In many criminal trials, a large number of witnesses are examined, and evidence is voluminous. It is true that the Judicial Officers have to understand the importance of Section 313. But now the Court is empowered to take the help of the prosecutor and the defence counsel in preparing relevant questions. Therefore, when the Trial Judge prepares questions to be put to the accused under Section 313, before putting the questions to the accused, the Judge can always provide copies of the said questions to the learned Public Prosecutor as well as the learned defence Counsel and seek their assistance for ensuring that every relevant material circumstance appearing against the accused is put to him. When the Judge seeks the assistance of the prosecutor and the defence lawyer, the lawyers must act as the officers of the Court and not as mouthpieces of their respective clients. While recording the statement under Section 313 of CrPC in cases involving a large number of prosecution witnesses, the Judicial Officers will be well advised to take benefit of sub-section (5) of Section 313 of CrPC, which will ensure that the chances of committing errors and omissions are minimized.”   

                               Most significantly, the Bench then minces absolutely no words to precisely hold in para 22 what forms the cornerstone of this notable judgment wherein it is mandated that, “In 1951, while delivering the verdict in the case of Tara Singh v State 1951 SCC OnLine SC 49, this Court lamented that in many cases, scant attention is paid to the salutary provision of Section 342 of CrPC of 1898. We are sorry to note that the situation continues to be the same after 72 years as we see such defaults in large number of cases. The National and the State Judicial Academies must take a note of this situation. The Registry shall forward a copy of this decision to the National and all the State Judicial Academies.”

                                 Finally, the Bench concludes by holding in para 23 that, “In the circumstances, we are of the view that the conviction of the appellant stands vitiated. In the facts of the case, the option of remand will be unjust. Accordingly, we allow the appeal and set aside the conviction and sentence of the appellant under the Judgment and Order dated 27th August 2003 passed by the learned Additional Sessions Judge, Delhi, in Sessions Case No. 9 of 2000. Consequently, the impugned judgment of the High Court is also set aside. We make it clear that both judgments are set aside only insofar as the appellant is concerned. We, accordingly, direct that the respondent shall forthwith set the appellant at liberty unless he is required to be detained in connection with any other case.”    
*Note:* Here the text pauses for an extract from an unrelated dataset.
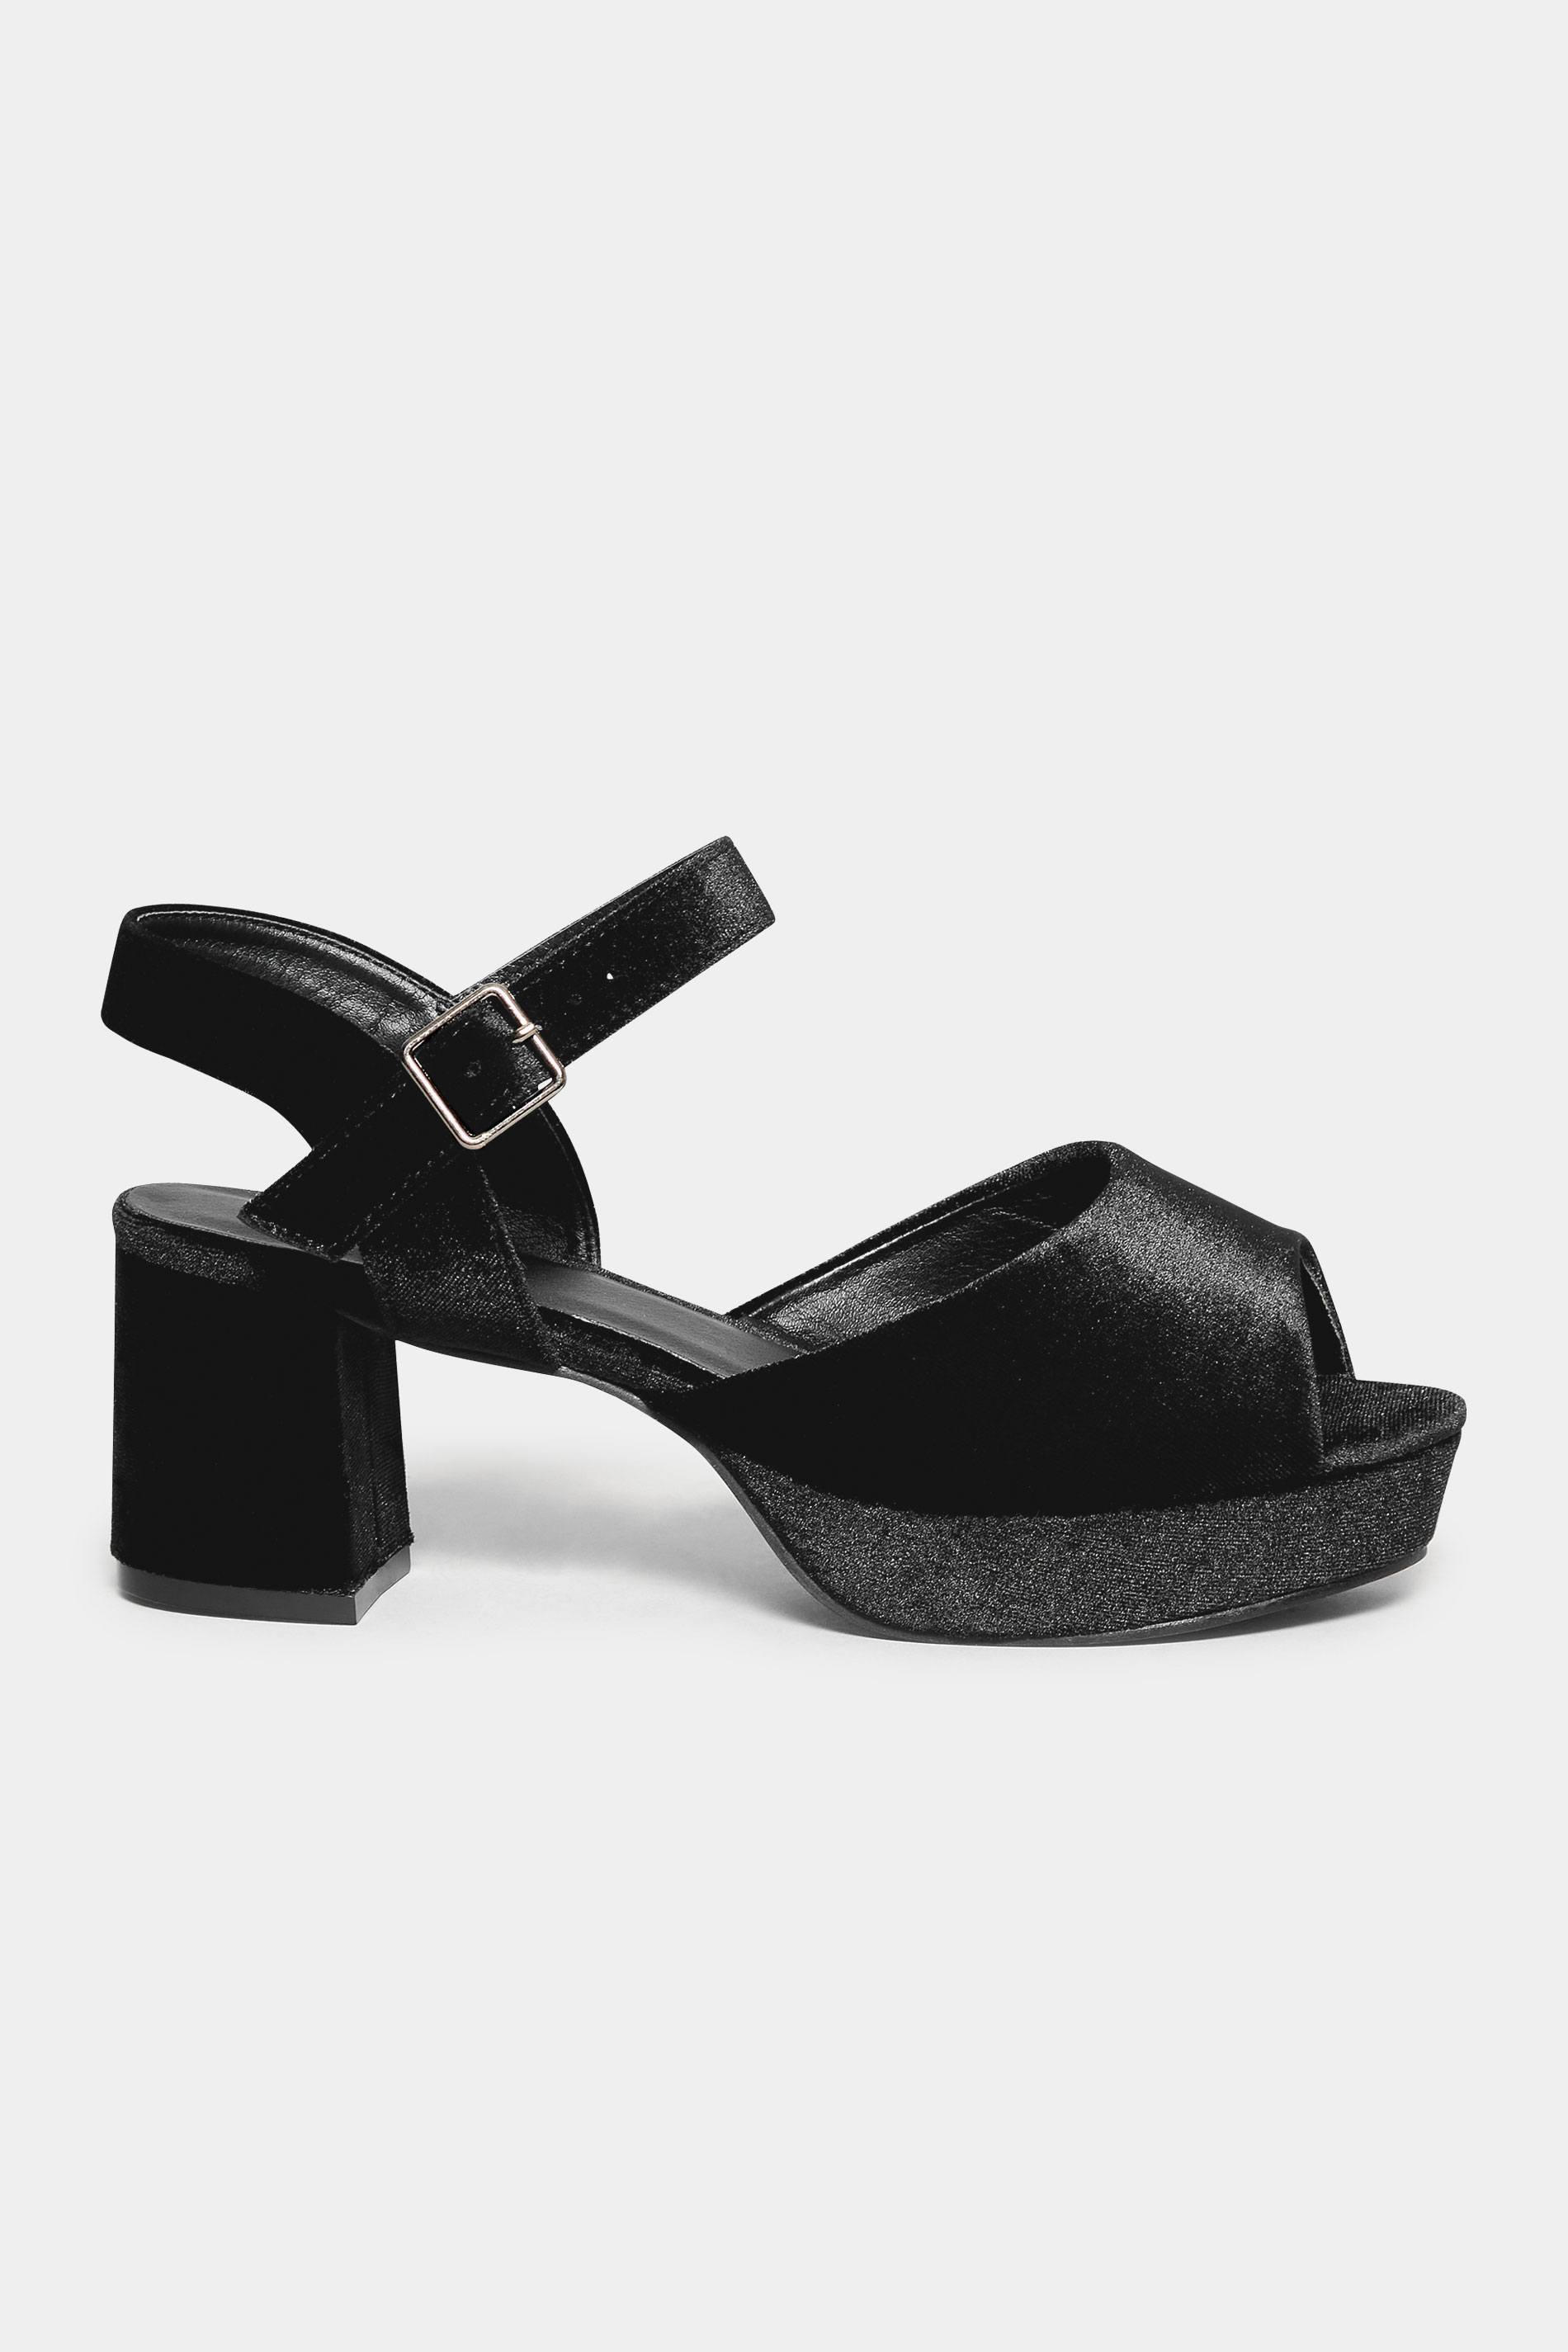 LIMITED COLLECTION Black Velvet Platform Heels In Wide E Fit & Extra ...
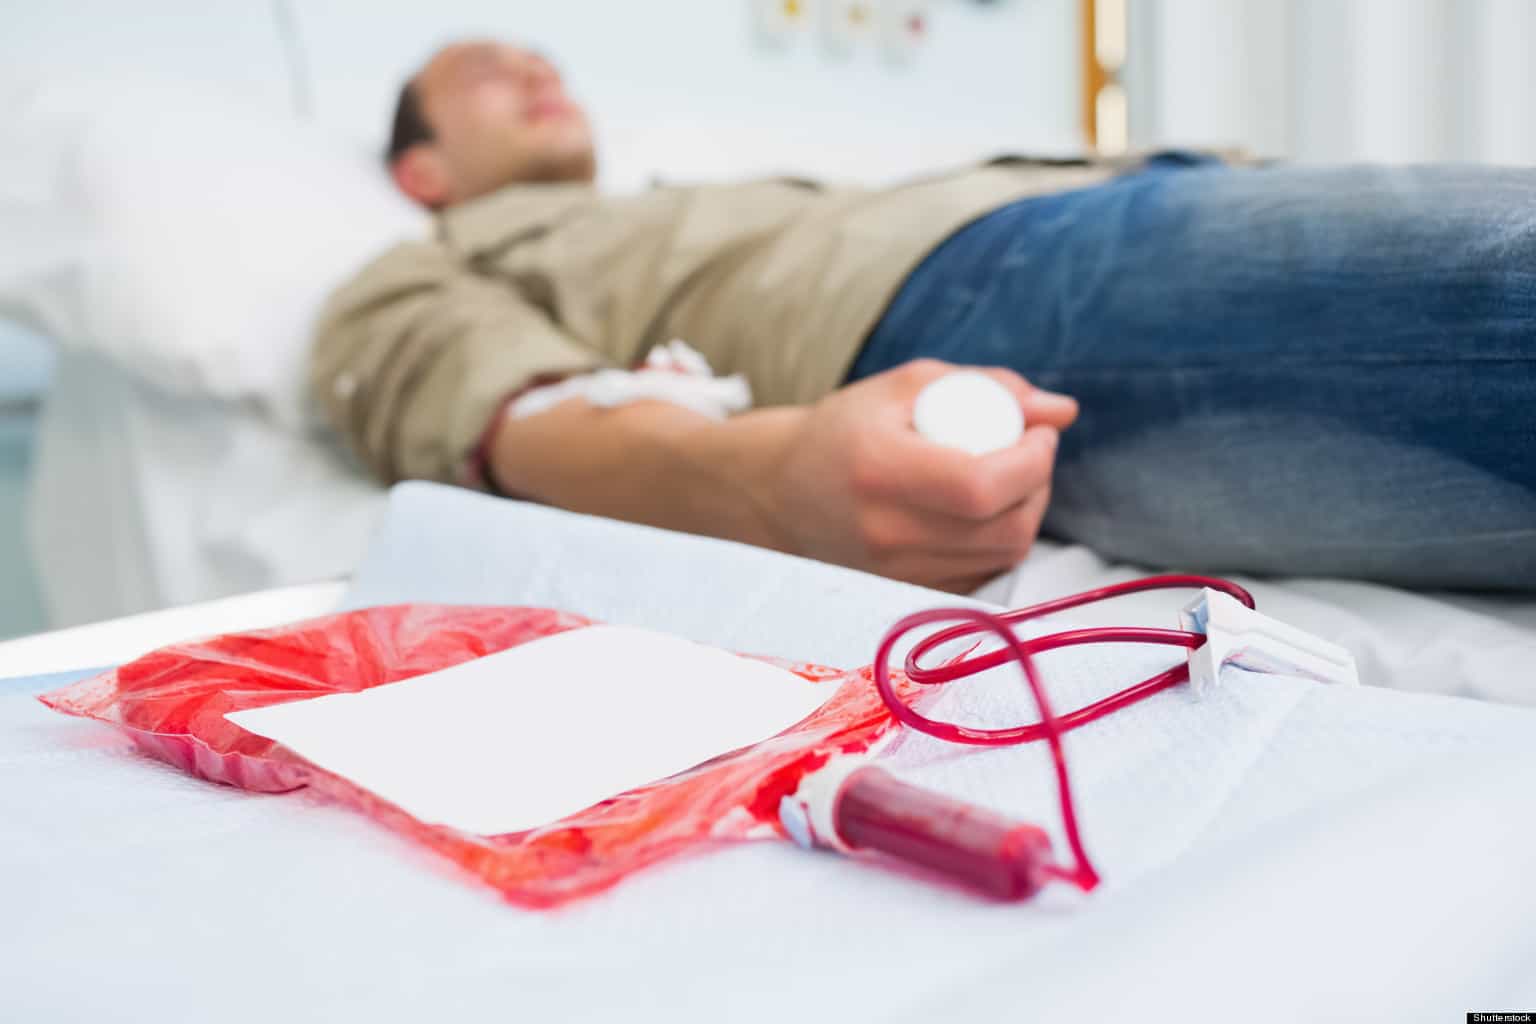 Personer som har tjockt blod rekommenderas inte att donera blod, detta är anledningen

                              In a nutshell, the Apex Court is at pains to note that the Trial Judges are not using Section 313(5) of the CrPC. So it is high time now and the Trial Judges must pay heed and act accordingly as directed to by the Apex Court in this leading case! The Judicial Academies both at the national and at the State level too must take notice and take the requisite action on this score as is so desperately needed also. No denying it!